The Danish Energy Agency (DEA) has issued a feasibility study permit to Thor Wind Farm I/S for the 1,000 MW Thor project, Denmark’s largest offshore wind farm to date.
The purpose of the permit is to technically qualify the specific project so that the project’s technical design, including turbine foundation design and cable design, can be carried out, DEA said.
In addition to the feasibility studies already carried out by Energinet, the feasibility studies in this permit consist of geotechnical sampling, including CPT, vibrocore drilling, thermal conductivity, core drilling, and PS logging.
The permit has been issued following an application from the owner and the project developer RWE.
As the next step, an environmental site assessment phase will be initiated that contains two public phases where affected citizens and organizations can submit their consultation responses.
The first hearing, also called the idea phase, is expected to be completed in June 2022, while the second public consultation will not happen until 2024.
RWE, through the project company Thor Wind Farm I/S, was announced as the winner of the Danish tender for the Thor offshore wind farm at the beginning of December 2021.
As part of the new offshore wind policy in Denmark, RWE will construct and pay for the entire offshore electrical high voltage system up to POC and also pay for the onshore grid connection.

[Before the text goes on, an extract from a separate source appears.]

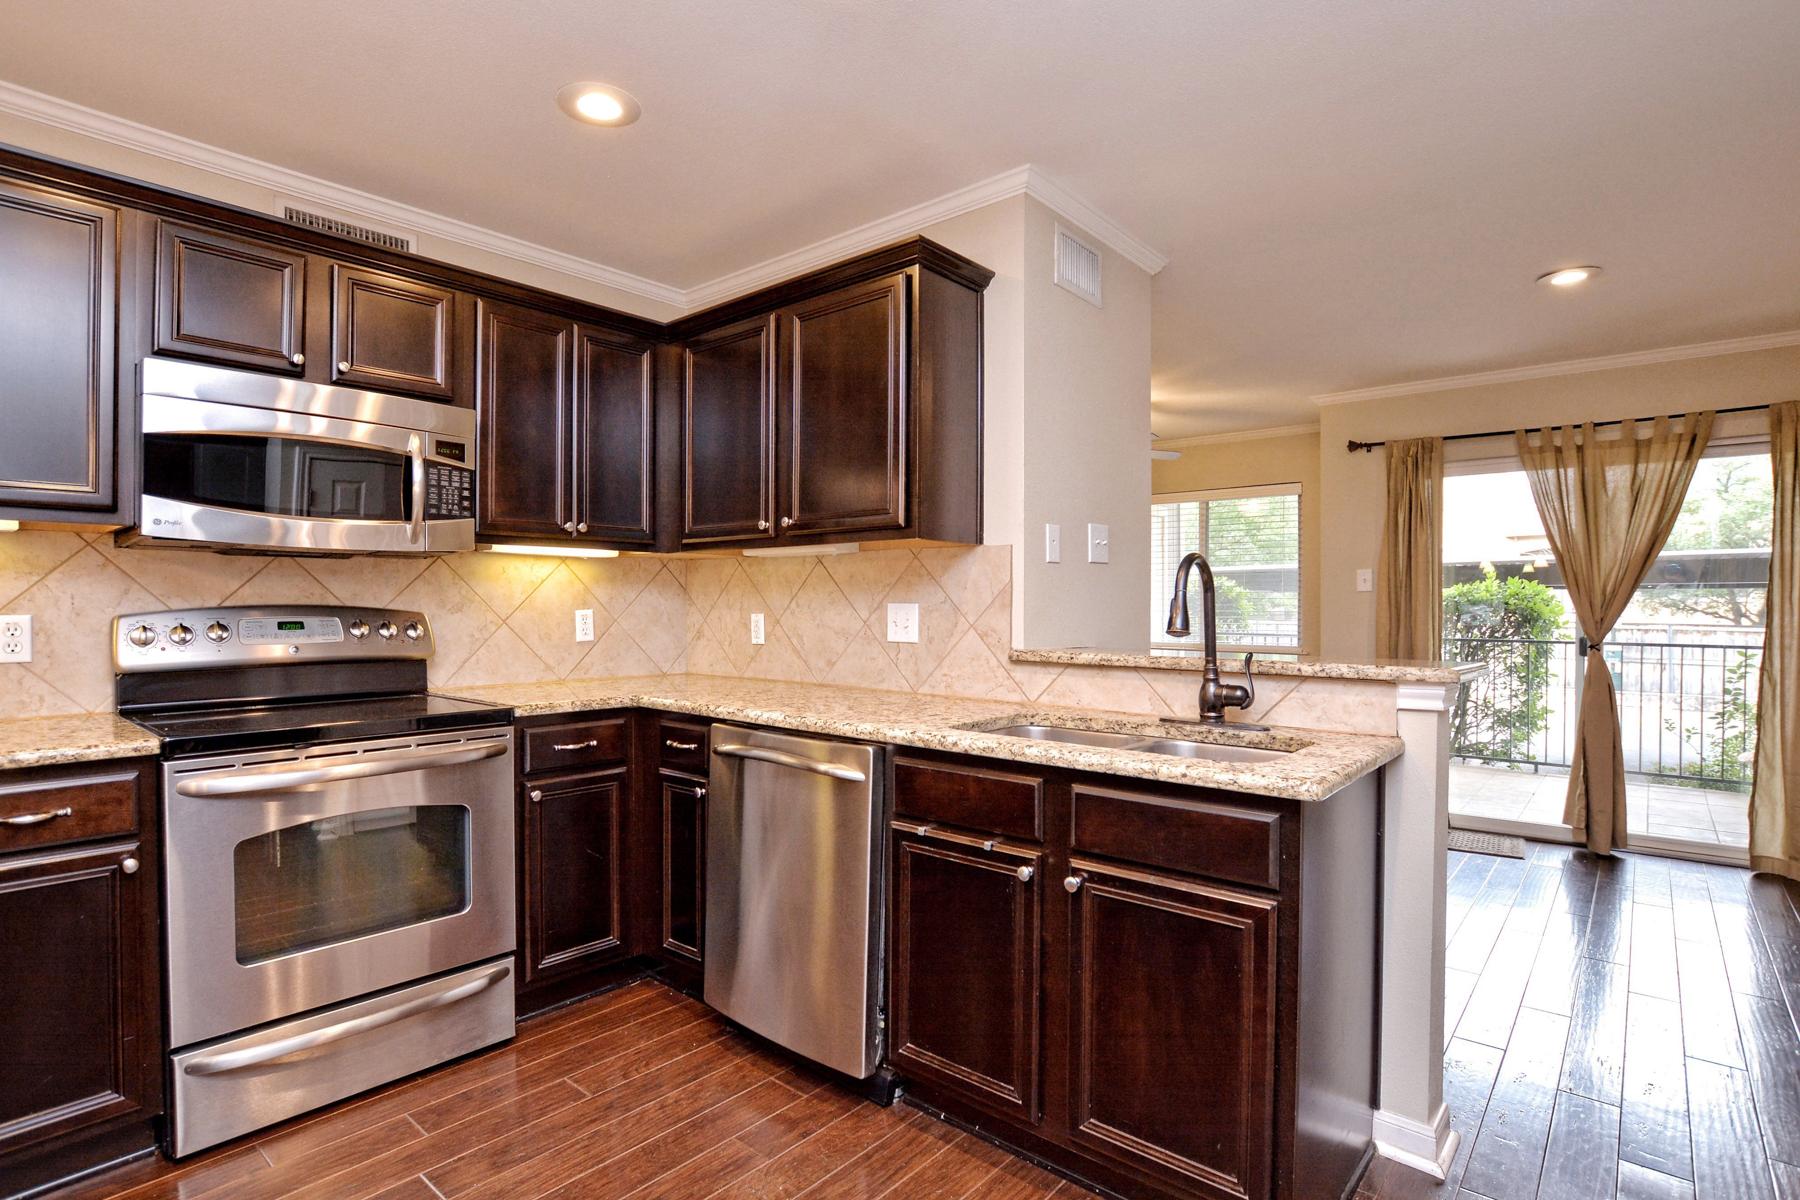 Condominium for Sale at Fantastic Condo in Villa Dijon 100 Lorenz Rd 301 San Antonio, Texas 78209 United States

This is regulated by a concession agreement signed with the DEA and the Danish Government in January.
Located in the North Sea, the subsidy-free Thor offshore wind farm is expected to feature 72 14 MW wind turbines installed at a water depth of 23 metres to 32 metres.
Once fully operational in 2027, the 1 GW project will be capable of producing enough green electricity to supply the equivalent of more than one million Danish households.